::: Data below

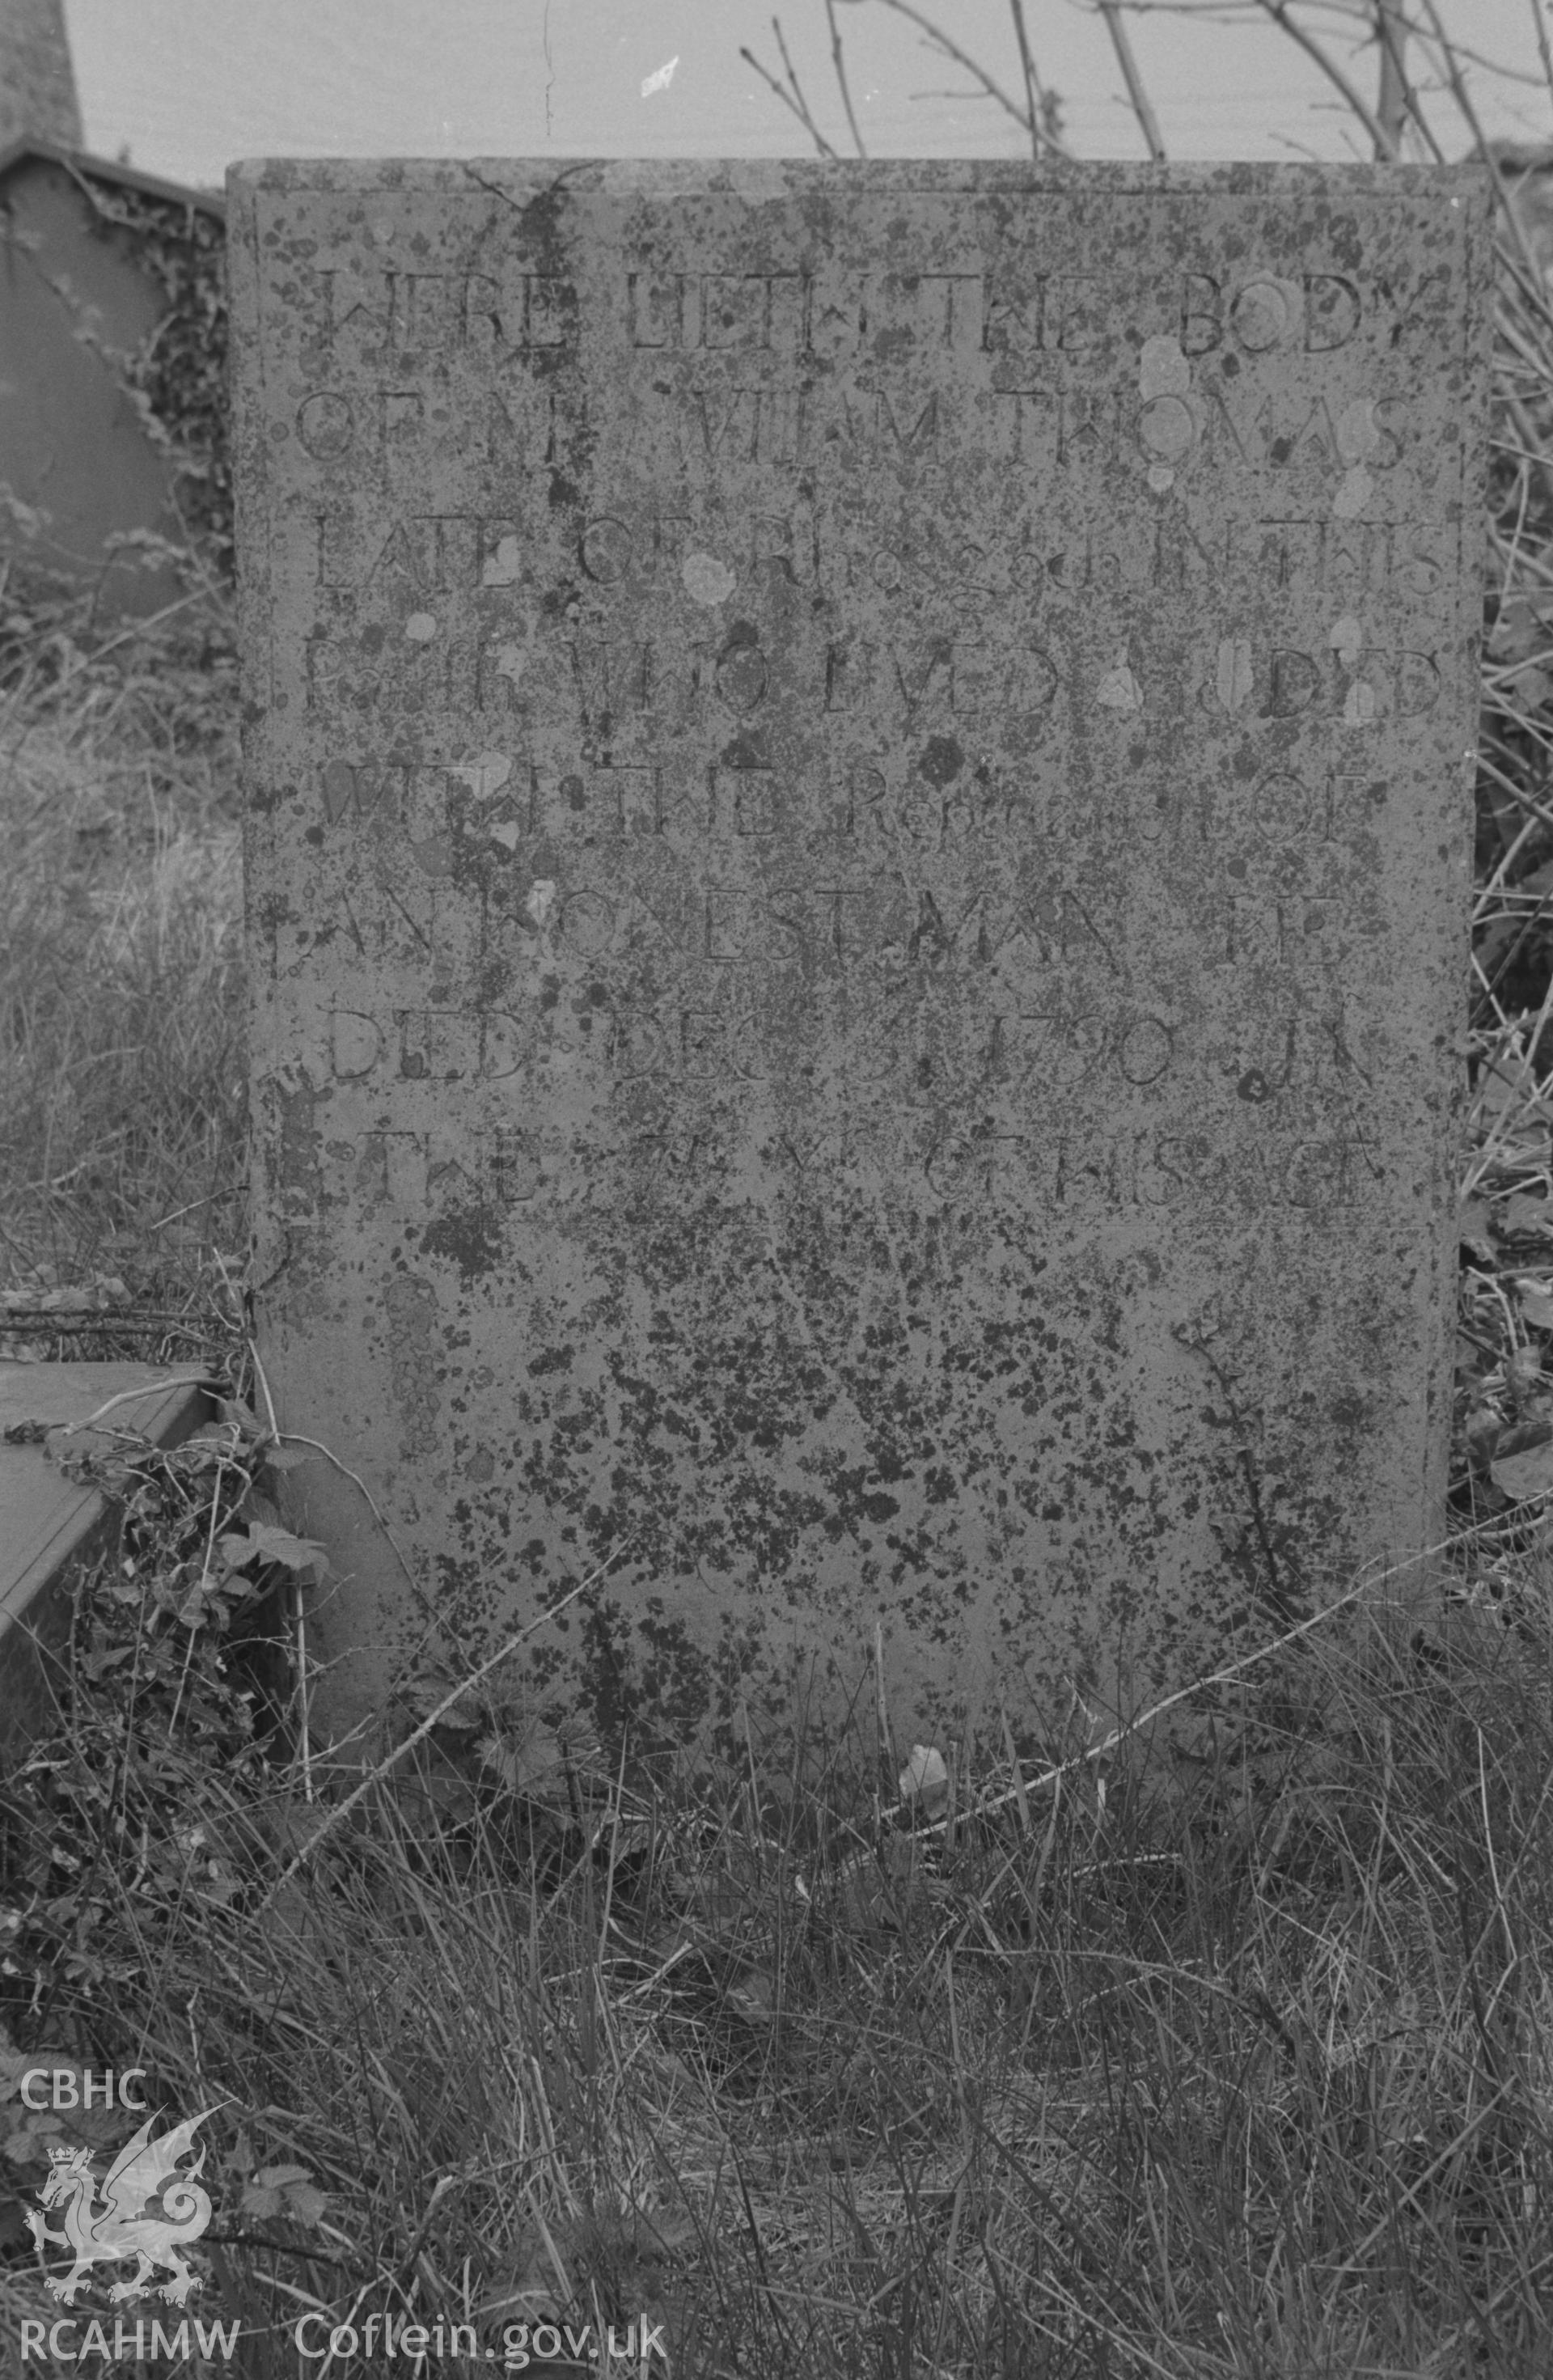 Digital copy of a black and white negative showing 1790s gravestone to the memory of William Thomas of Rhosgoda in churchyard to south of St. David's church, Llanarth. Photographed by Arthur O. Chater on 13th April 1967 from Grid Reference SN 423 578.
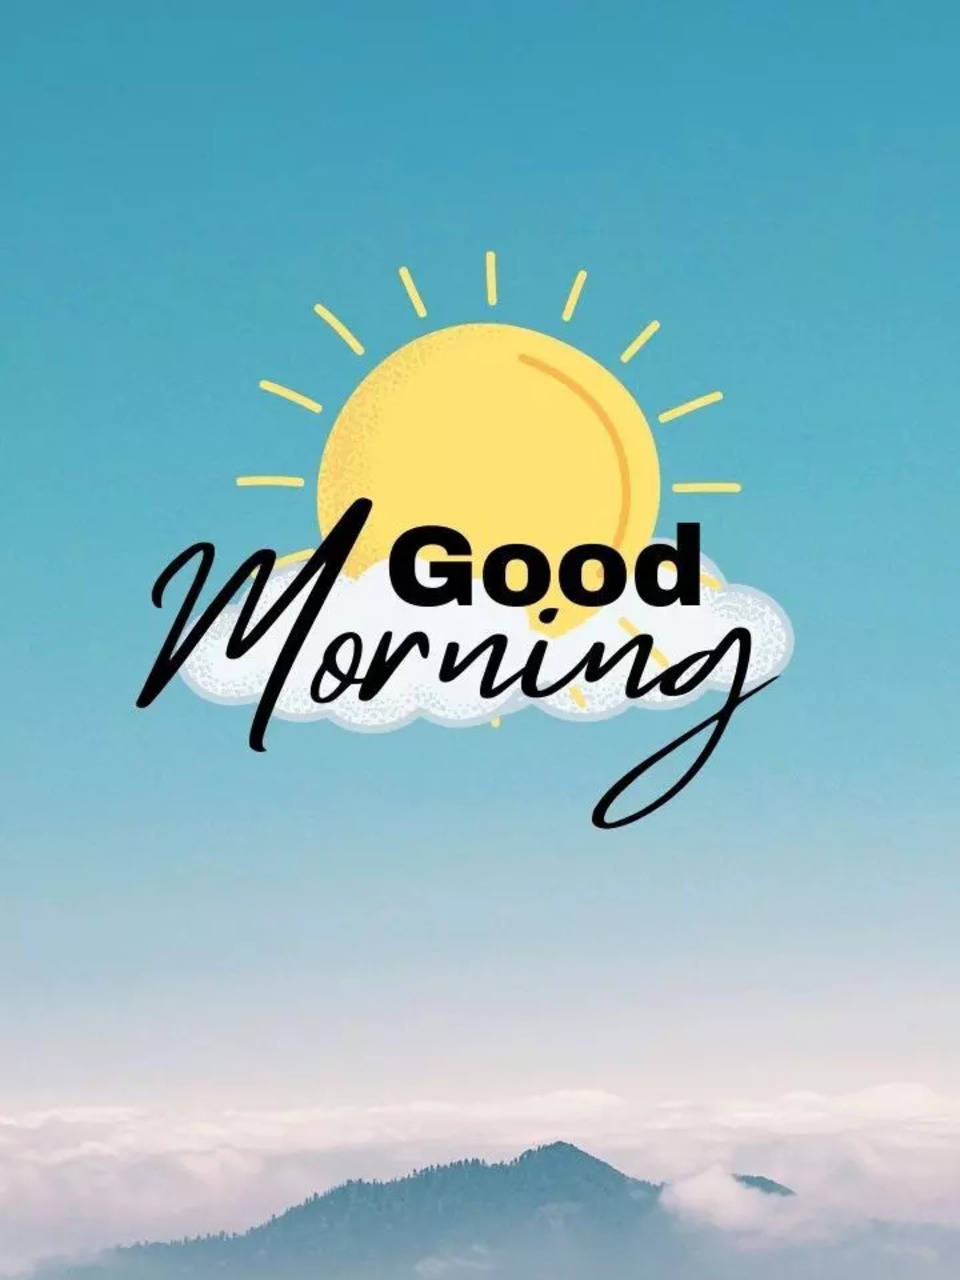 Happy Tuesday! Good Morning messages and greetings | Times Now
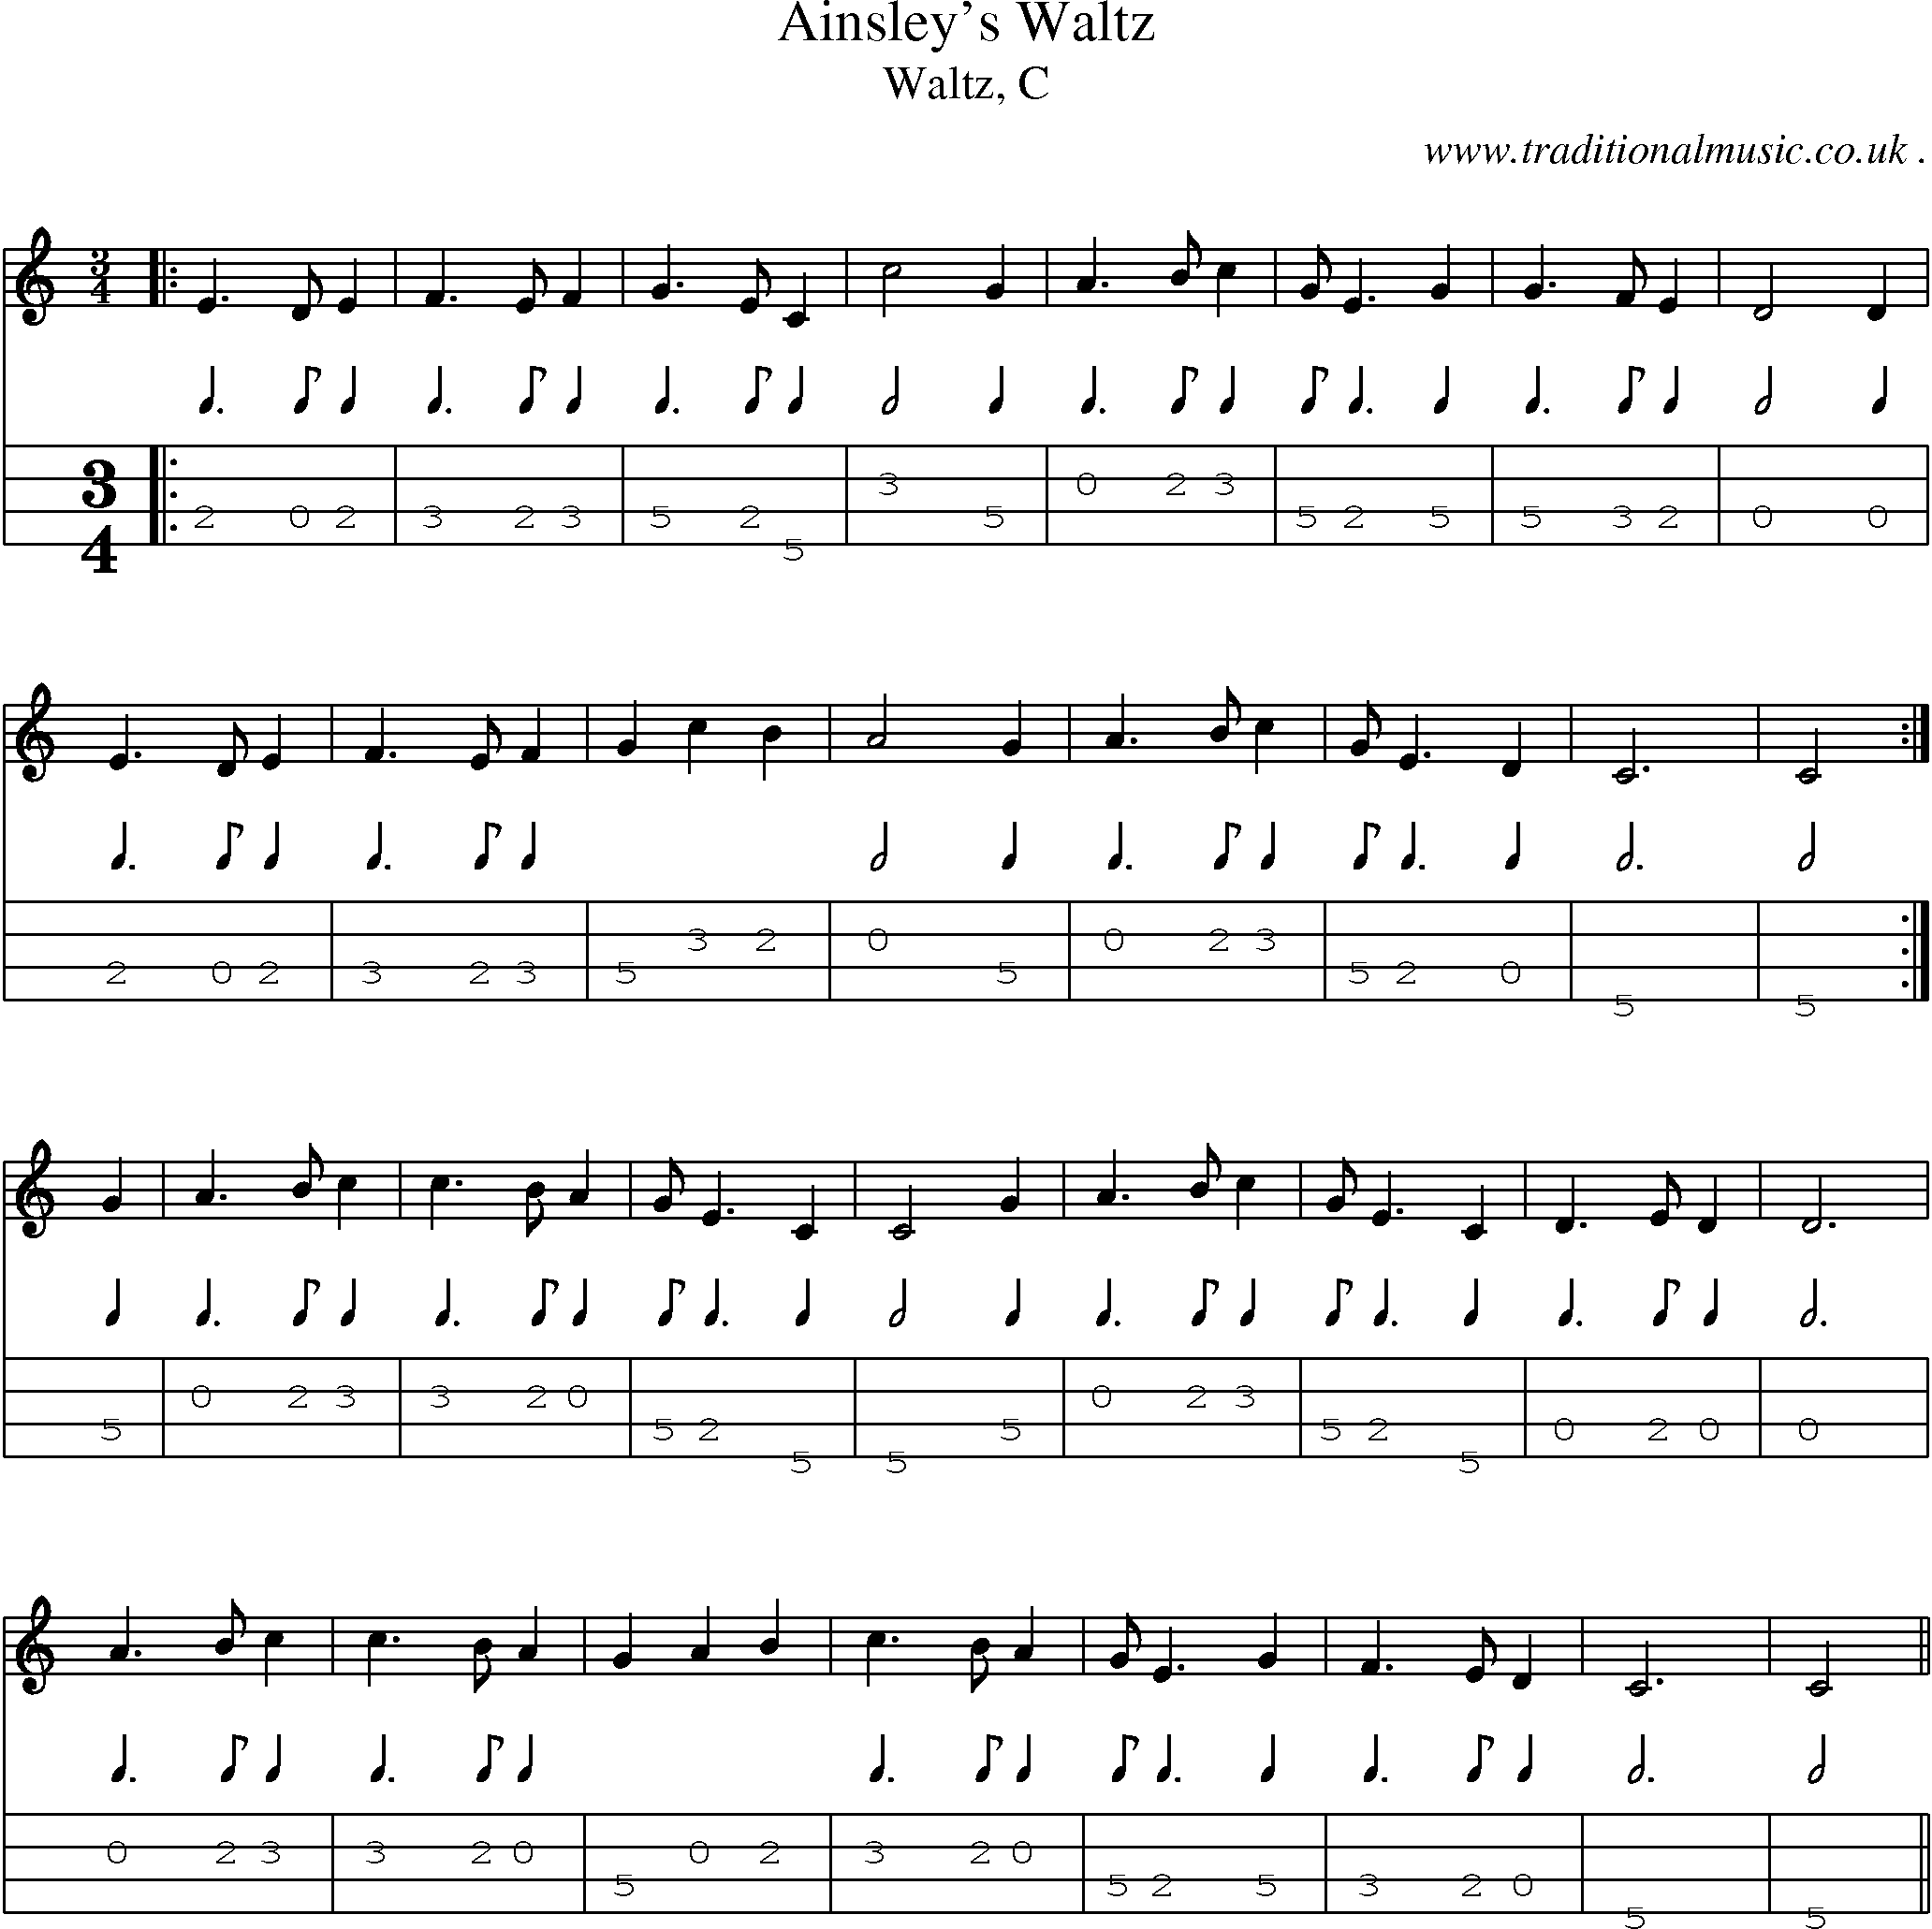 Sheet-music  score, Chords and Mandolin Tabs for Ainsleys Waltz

::::::

Drop the pictures and give every line above again exactly.

Task response
 Digital copy of a black and white negative showing 1790s gravestone to the memory of William Thomas of Rhosgoda in churchyard to south of St. David's church, Llanarth. Photographed by Arthur O. Chater on 13th April 1967 from Grid Reference SN 423 578.
 Happy Tuesday! Good Morning messages and greetings | Times Now
 Sheet-music  score, Chords and Mandolin Tabs for Ainsleys Waltz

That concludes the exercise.